The religious world scandalize the Deity by saying He is quite alone. I once learned a piece to repeat on the Fourth of July. It began like this—
When time was not, e'er suns and planets shone; When God their mighty Maker lived alone; When men, the high born offspring of the sky, Lived but in visions to the Eternal's eye; T'was then that freedom held her bright abode In cloudless glory in the mind of God.
I do not believe God was ever alone; for He has said Himself, it is not good for man to be alone; and if it is not good, I am sure He will not be alone.
We are created in His image and likeness, and I think He has been moving on the same track we are in, and we shall acquire the same experience if we listen to His revelations. "What!" do you suppose He has lived in the flesh?" Paul says, we have not a God that cannot be touched with the feelings of our infirmities. Why? Because he has felt about the same as we do. The other day when brother Hyde was mixing mortar, a person came along and said, "Brother Hyde, is it possible that I see you mixing mortar?" "Yes," I replied, and when I stand up yonder, and see you poor fellows mixing mortar, I can sympathise with you." I should hate to enlist under a General, and follow him to the field of battle if he had never been there; I should want him to have a little experience, and then I could follow him with some degree of confidence.

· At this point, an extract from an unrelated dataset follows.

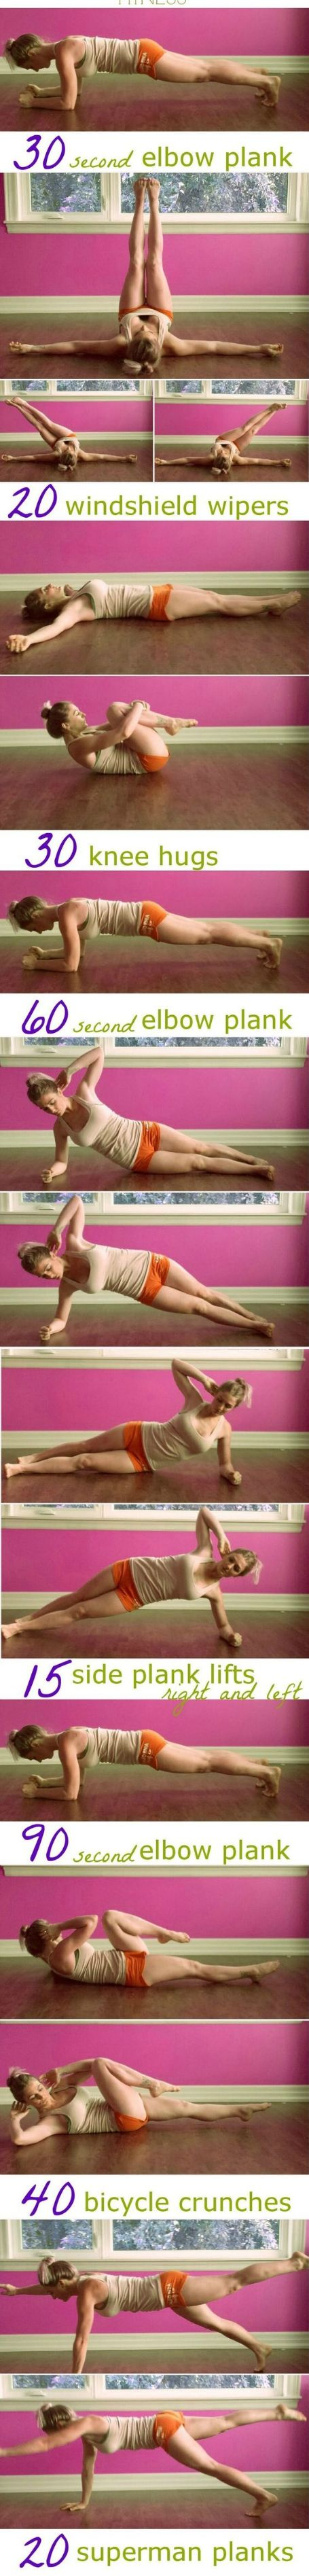 - How to lose inner thigh fat? ... Get rid of inner thigh fat. https://www.youtube.com/watch?v=KHNn1LYzcjg #weightlossmotivation

I have spoken to you freely on the common salvation. And while the Spirit is upon me, I would charge you to practise it; to set your standard prices now, and maintain them to your brethren in the spring. If you have not already set them high enough to meet your ambitious views, raise them until they will, and there let them stand. That is my advice, and who is going to be injured by it? No person. Who is going to be benefited by it? The producer, who has to go into the field with his life in one hand, and the implement of husbandry in the other. If this is done, the hand of God will strengthen the hands of the producer, and he will live in time and throughout eternity; and we shall have abundance, and rejoice in the kingdom of our God.
Contend earnestly for the faith once delivered to the Saints. But if I were to branch out upon that, I should detain you too long. I will therefore leave it for another occasion, or for some one who is better able to handle it than myself.
May God bless us, and save us in His kingdom. Amen.